Ipsos MORI, in partnership with the Education Policy Institute, carried out qualitative interviews with schools and responsible bodies on behalf of the Department for Education. The aim of this study was to understand funding decisions related to maintaining school buildings in England.
Key headline findings include:
- Schools commonly defined building maintenance as the small-scale works carried out as part of the day-to-day running of the school to ensure that pupils have a safe environment in which to learn.
- Health and safety was the primary maintenance concern across all schools but the quality of the learning environment and the cosmetic appearance were also considered.
- Schools did not necessarily have a plan or strategy in place for building maintenance, reflecting that it was often difficult as there was a need to meet immediate issues.
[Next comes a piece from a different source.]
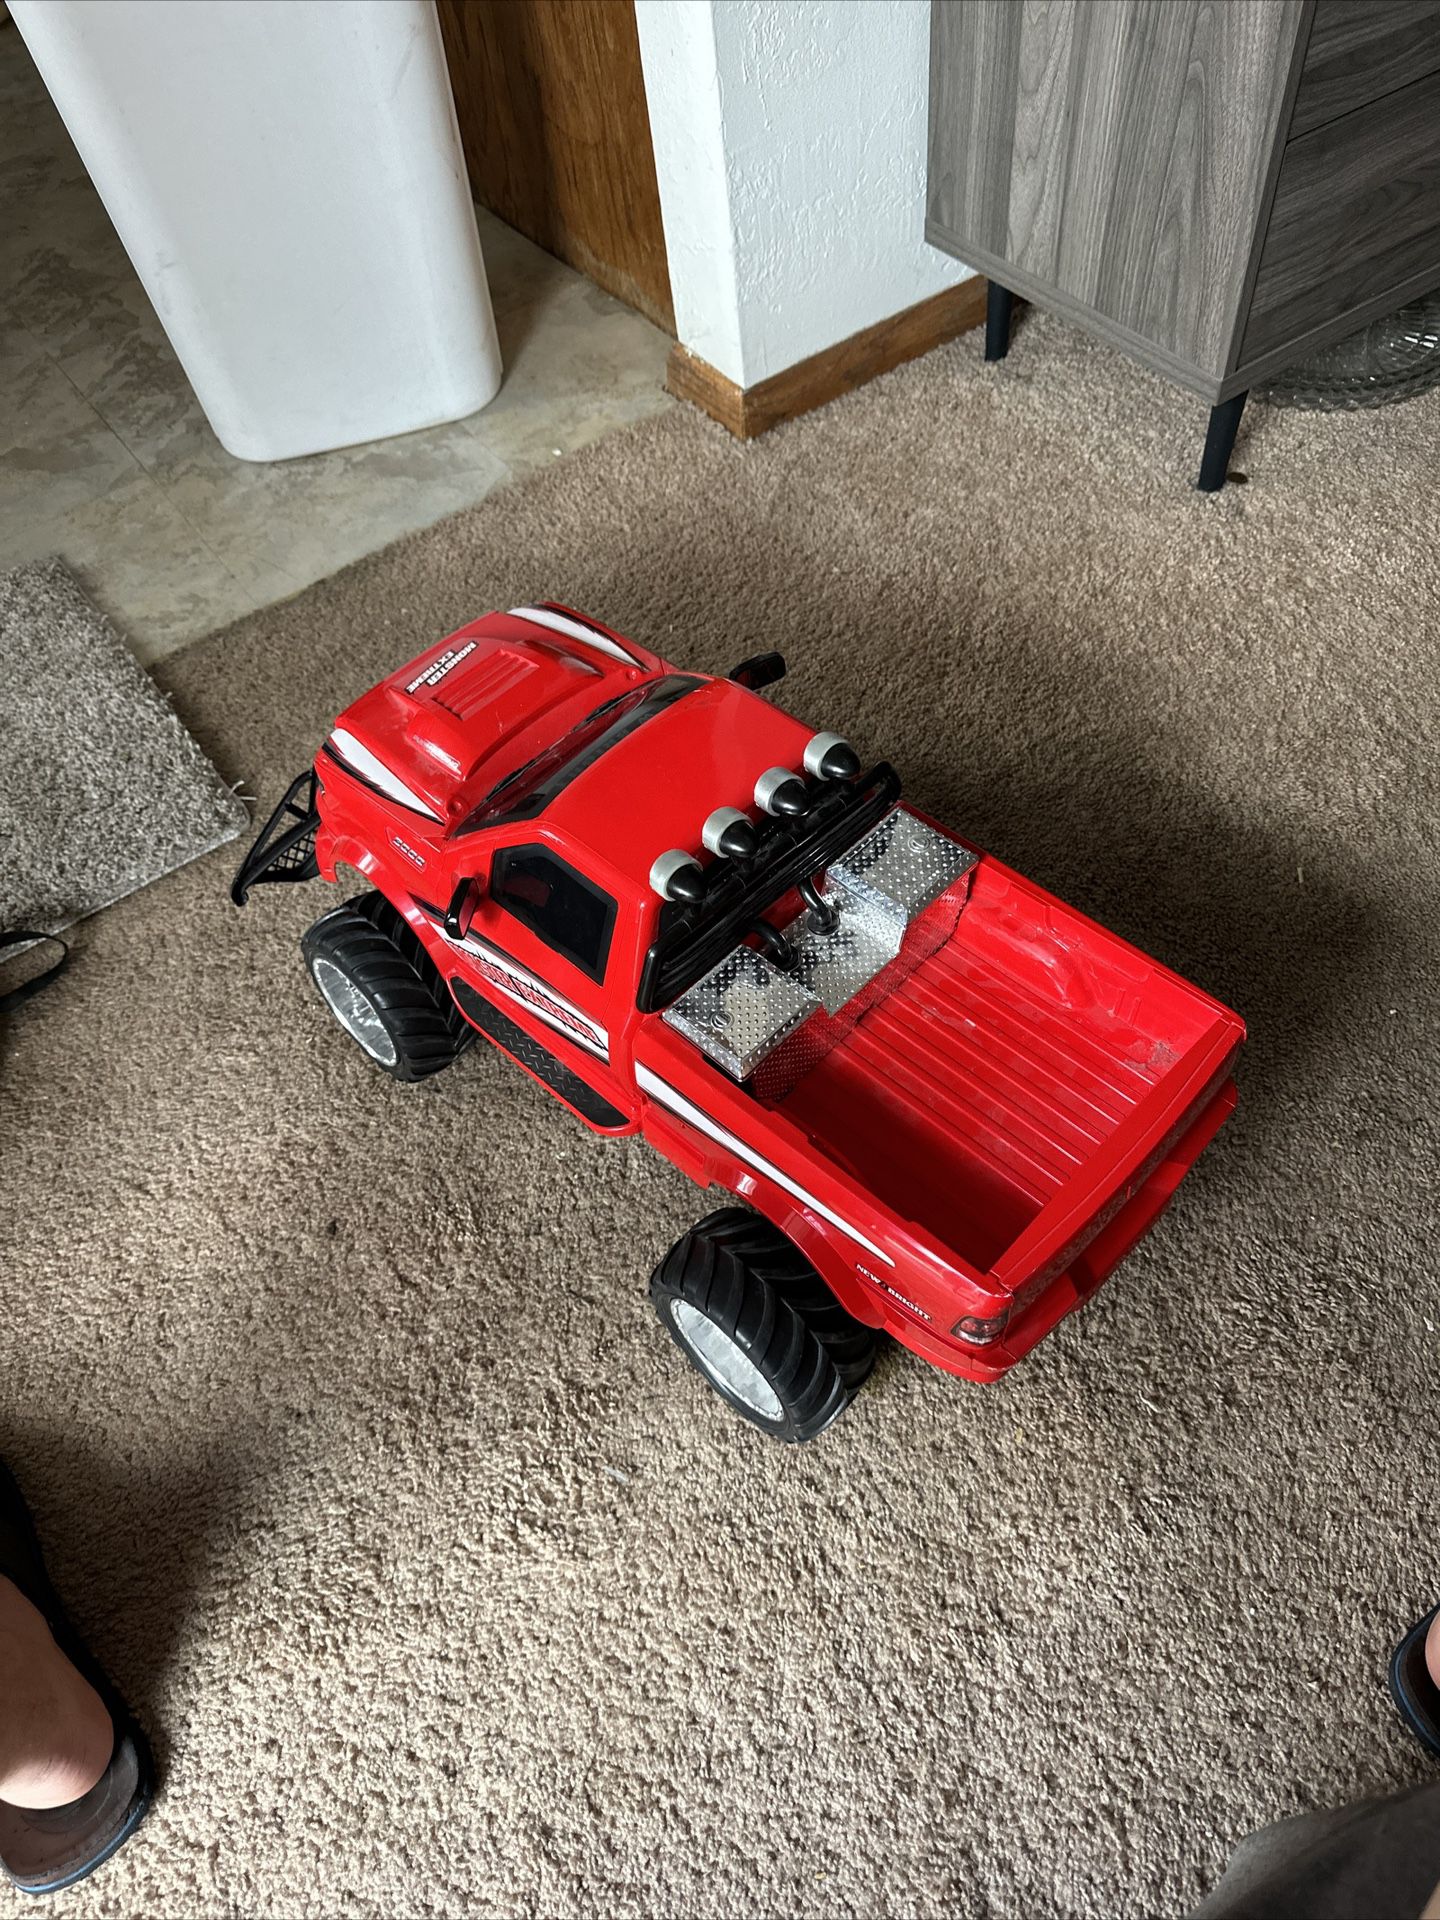 New Bright Dodge Ram Monster Extreme Red RC truck

- The ease with which schools accessed capital funding for more significant investment varied by the type of school. Some local authority maintained schools in the sample reported being unable to access funds unless they were able to contribute themselves (with many being unable to from existing reserves). Academies were generally aware of the funding streams available to them, but some still faced challenges in navigating the process.
- There were examples of expenditure on capital projects leading to savings on revenue including the replacement of faulty equipment to save ongoing repair costs and the installation of new windows to reduce energy bills. In general, however, schools did not view their expenditure as being a trade-off between revenue and capital (i.e. one leading to savings on the other).
- Overall, schools felt that the overall level of funding available meant making a choice between meeting immediate needs and investing to make future savings – schools tended to prioritise the former.
- Overall, 40 in-depth telephone interviews were carried out: 29 with schools, and 11 with responsible bodies.
- The sample of schools encompassed a cross-section of primary, secondary and special schools by age of buildings, financial position (revenue and capital), and condition of the school estate.
- Data for schools was collected from individuals who played a key role in the school’s financial decision-making, including headteachers, business managers, and financial officers.
- Data for responsible bodies was collected from individuals with significant responsibility for capital funding allocations, and their role varied depending on the type of responsible body they were situated in. This research reflects findings from two dioceses (associated with voluntary-aided schools), four local authorities (who were responsible for local authority maintained schools), and five academy trusts (who were responsible for the academy schools that formed their trust).
- Fieldwork was conducted by Ipsos MORI researchers between October and December 2018.
- This is a small-scale qualitative study which, by its nature, is not designed to be statistically representative.